Die A-Dur-Sonate Op. 101 ist formal eher experimentell, wird aber in lyrischer Weise weitergeführt. Die vier Sätze verbinden sich zu einem zusammenhängenden Ganzen. Obwohl in Sonatenform, ist der erste Satz sehr ungewöhnlich, da er keine der starken formalen Artikulationen und dramatischen Kontraste aufweist, die normalerweise mit dieser Form verbunden sind. Stattdessen vermittelt er ein fast beständiges Gefühl einer sich entfaltenden Melodie. Die liedhaften Implikationen von Op. 90 werden tiefer in die Mechanik der Instrumentalform eingeführt. Die Tonart wird erst

gegen Ende des Satzes festgelegt, und ein Großteil der Harmonie deutet eher auf eine strukturelle Progression hin, anstatt sie zu bestätigen. Auf den Kopfsatz folgt weder ein langsamer Satz noch ein Scherzo, sondern ein ‚Marsch‘. Konstante punktierte Rhythmen und eine einfache Form suggerieren ein Charakterstück, aber Beethoven scheint dies konsequent mit komplexen Harmonien und Texturen zu untergraben.

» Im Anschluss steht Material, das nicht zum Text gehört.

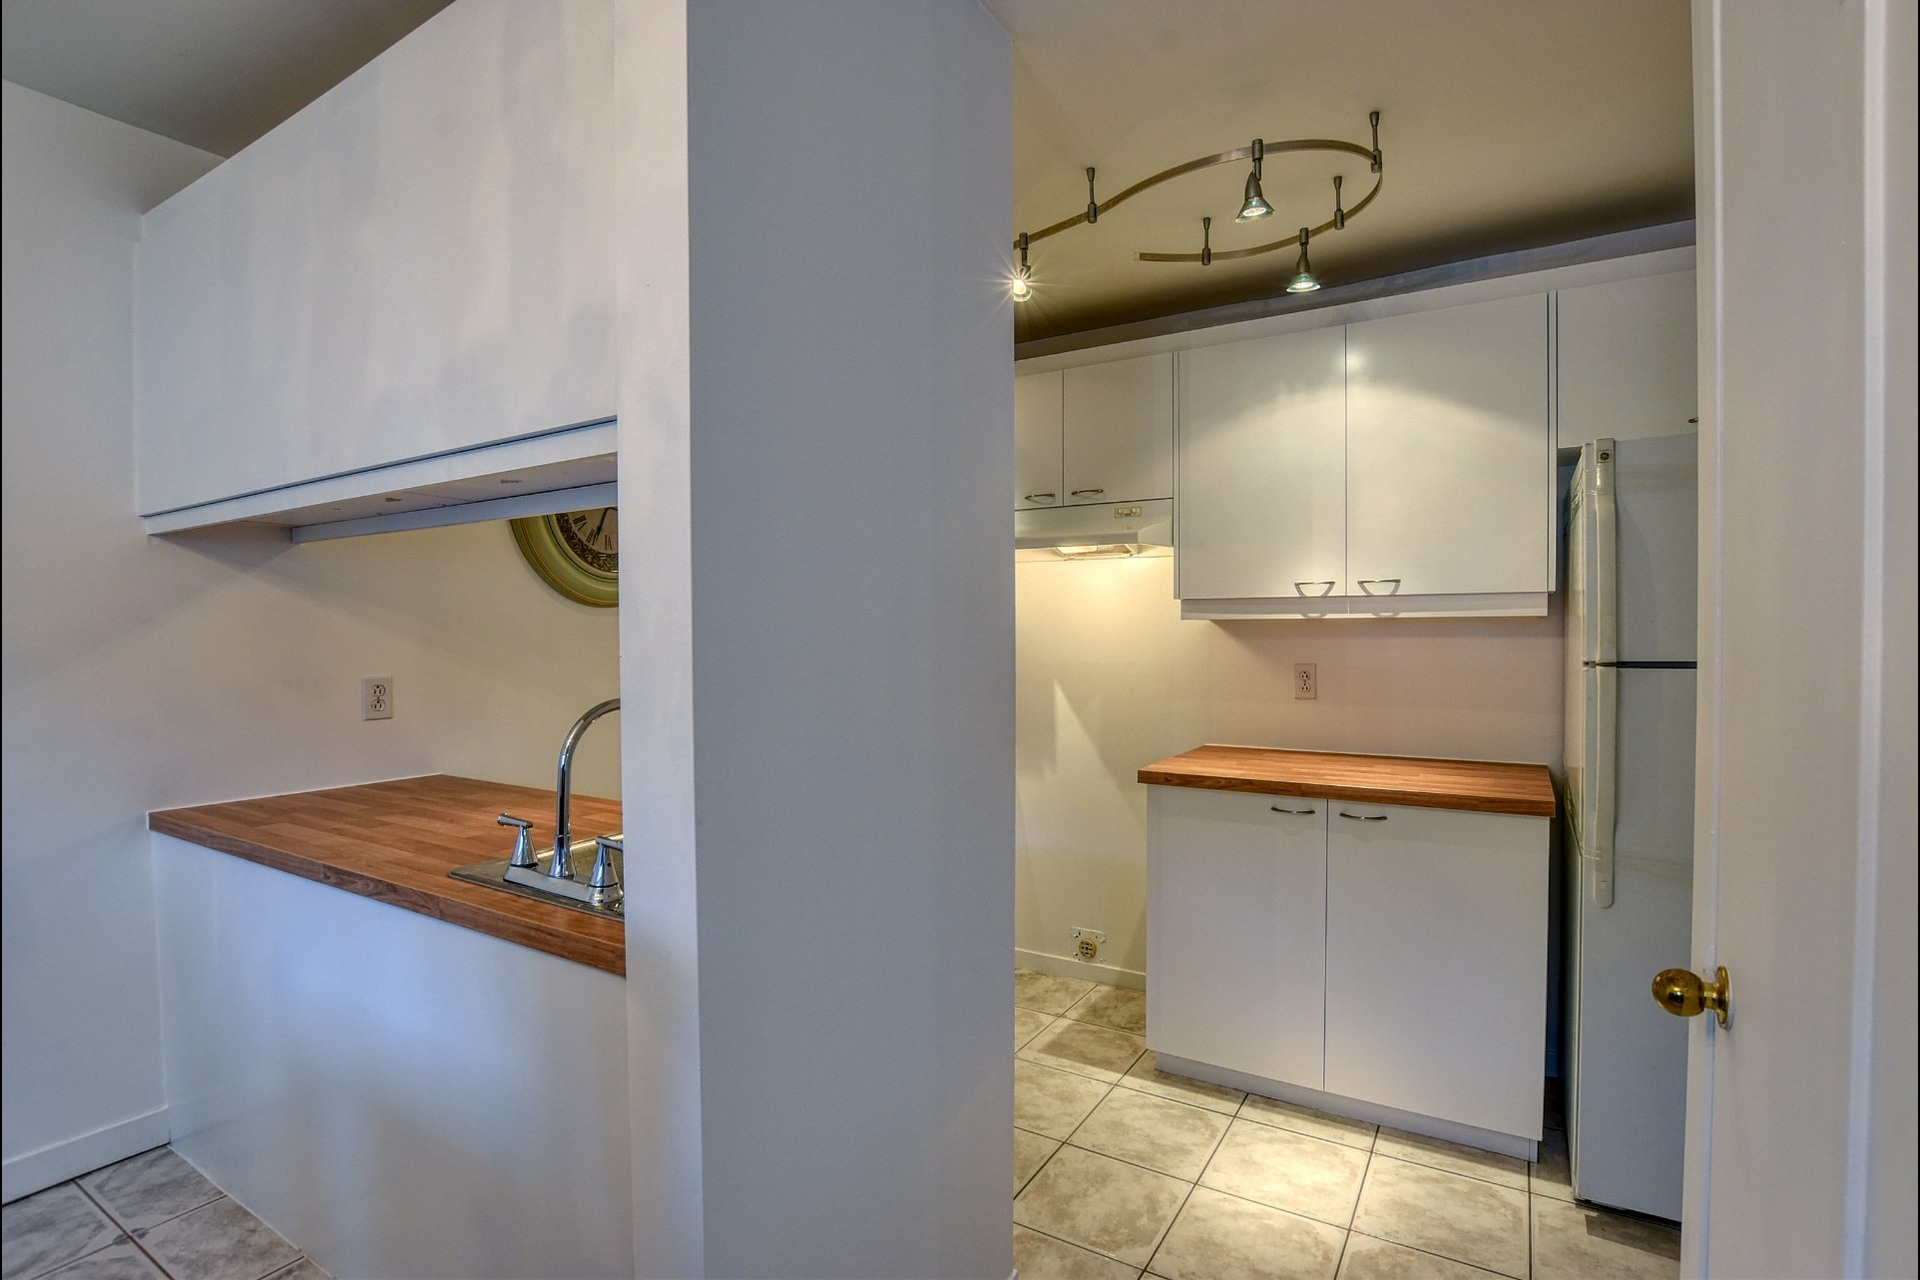 image 8 - Apartment For sale Repentigny Repentigny  - 5 rooms

Die kontrapunktische Komplexität nimmt im Trio-Abschnitt zu – ein Kanon, überwiegend ruhig und oft dolce bezeichnet. So gelingt es dem Satz, marschähnlich, aber doch nicht ganz ein Marsch zu sein. Der folgende langsame Satz ist ähnlich schwer zu kategorisieren. Er ist voller Schönheit und Zartheit, aber kurz; er entpuppt sich als lediglich eine Einleitung zum Finale. Eine kurze kadenzartige Passage führt zu einer überraschenden Reprise der Einleitung des ersten Satzes. Dies kann als nostalgische Reminiszenz oder sogar als ein struktureller Irrtum angesehen werden, welcher dann durch einen Triller korrigiert wird, der direkt zum Finale führt. Wie bei einigen von Beethovens früheren formal experimentellen Sonaten ist das strukturelle Gewicht der Sonate nicht in ihren einleitenden Passagen, sondern in ihrem letzten und substanziellsten Satz deutlich zu spüren. Dieser enthält eine große Bandbreite an musikalischem Material; abwechselnd leicht, spielerisch, virtuos und kraftvoll, lässt er auch etwas Raum für lyrische Stellen. Sein auffälligstes Merkmal ist die Art und Weise, wie er sich von den kontrapunktischen Implikationen seines Materials, wie sie in ihrer anfänglichen Präsentation zum Ausdruck kommen, zu einer ausgewachsenen Fuge im Durchführungsteil entwickelt. Es gibt eine klare übergreifende musikalische Erzählung, die vom lyrischen und mehrdeutigen ersten Satz bis zu den starken Affirmationen des Finales reicht.